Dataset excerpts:
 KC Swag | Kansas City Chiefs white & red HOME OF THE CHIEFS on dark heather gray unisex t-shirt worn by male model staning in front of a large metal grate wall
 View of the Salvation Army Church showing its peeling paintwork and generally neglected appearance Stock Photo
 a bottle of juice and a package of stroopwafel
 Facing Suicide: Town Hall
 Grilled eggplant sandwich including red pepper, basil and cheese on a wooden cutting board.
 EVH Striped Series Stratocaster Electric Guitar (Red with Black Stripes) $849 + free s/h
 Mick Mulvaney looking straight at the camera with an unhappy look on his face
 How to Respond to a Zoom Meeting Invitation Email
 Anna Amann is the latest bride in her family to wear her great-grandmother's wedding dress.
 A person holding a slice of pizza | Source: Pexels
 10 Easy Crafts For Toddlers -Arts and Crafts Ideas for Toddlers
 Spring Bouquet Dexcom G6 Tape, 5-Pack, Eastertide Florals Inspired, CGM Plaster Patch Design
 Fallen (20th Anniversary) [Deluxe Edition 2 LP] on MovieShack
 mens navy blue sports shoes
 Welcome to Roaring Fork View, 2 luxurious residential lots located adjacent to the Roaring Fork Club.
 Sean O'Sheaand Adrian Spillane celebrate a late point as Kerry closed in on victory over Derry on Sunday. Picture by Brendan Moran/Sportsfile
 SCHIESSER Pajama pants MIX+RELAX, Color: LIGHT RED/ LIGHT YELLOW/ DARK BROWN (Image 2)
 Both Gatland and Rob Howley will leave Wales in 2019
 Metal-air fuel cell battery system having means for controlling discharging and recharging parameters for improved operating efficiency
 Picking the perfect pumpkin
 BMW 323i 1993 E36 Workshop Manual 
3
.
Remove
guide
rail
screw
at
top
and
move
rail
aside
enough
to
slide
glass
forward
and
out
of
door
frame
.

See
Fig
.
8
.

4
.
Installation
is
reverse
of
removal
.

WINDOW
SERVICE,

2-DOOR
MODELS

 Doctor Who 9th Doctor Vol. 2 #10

Goal of the exercise >> Report how many lines of the entries hold the word "View". Nothing else is needed.

Task answer >> 2